Even ignoring the fuzzy logic in Gordie Sampson, Troy Verges and Blair Daly’s lyric, there was none of the full-throttle passion that Texan Joe Ely pumped into “For Your Love,” a far superior examination of the lengths to which love can drive someone. That’s the kind of committed delivery it takes to makes you want to believe such over-the-top vows even when you know they’re beyond the reach of mortal beings.

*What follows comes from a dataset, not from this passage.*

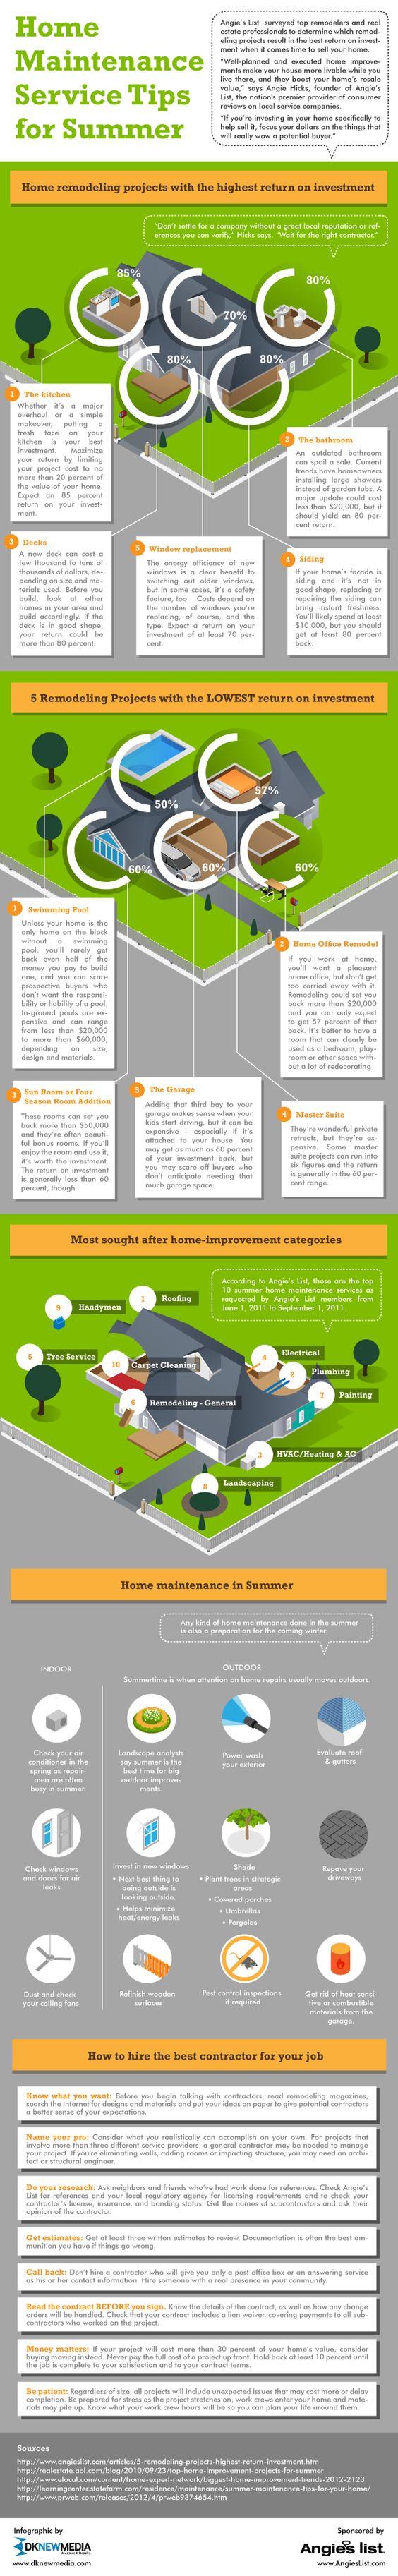 Aspectos reforma de su hogar infograf a reformas madrid - Reformas hogar madrid ...

It’s the same problem Hill ran into with “Mississippi Girl,” a song from the same album, which came after her pop-minded “Cry” album had country fans grousing that she’d turned her back on her roots. Eager to prove them wrong, she sang, “A Mississippi girl don’t change her ways,” sounding anything but credible as she belted it in her designer floral gown under a hair and makeup job that cost more than most of her fans’ cars.

She’s sold nearly 20 million albums in the U.S. in the last decade and a half, and not without reason: She has a versatile pop-soul voice that can go admirably gospel when she wants, as in her medley that saluted Aretha Franklin by stitching together “Dr. Feelgood” and her arrangement of Paul Simon’s “Bridge Over Troubled Water.”

But long before those nefarious two other Simons (Fuller and Cowell) started inflicting their vision of what music should be on the world, Hill opted to devote herself to pull-no-punches verses and overblown choruses, giving discerning listeners only fleeting glimpses -- as on her impressively tender 1999 recording of Bruce Springsteen’s “If I Should Fall Behind” -- into what artistic heart might reside behind those giant killer vocal cords.

Hill's conductor and orchestral arranger, David Campbell, occupied the first half with a refreshingly diverse program of music by Leonard Bernstein, Bernard Herrmann, Elliot Goldenthal and Ottorino Respighi and one selection from a musical he and his wife, Raven Kane Campbell, are working up.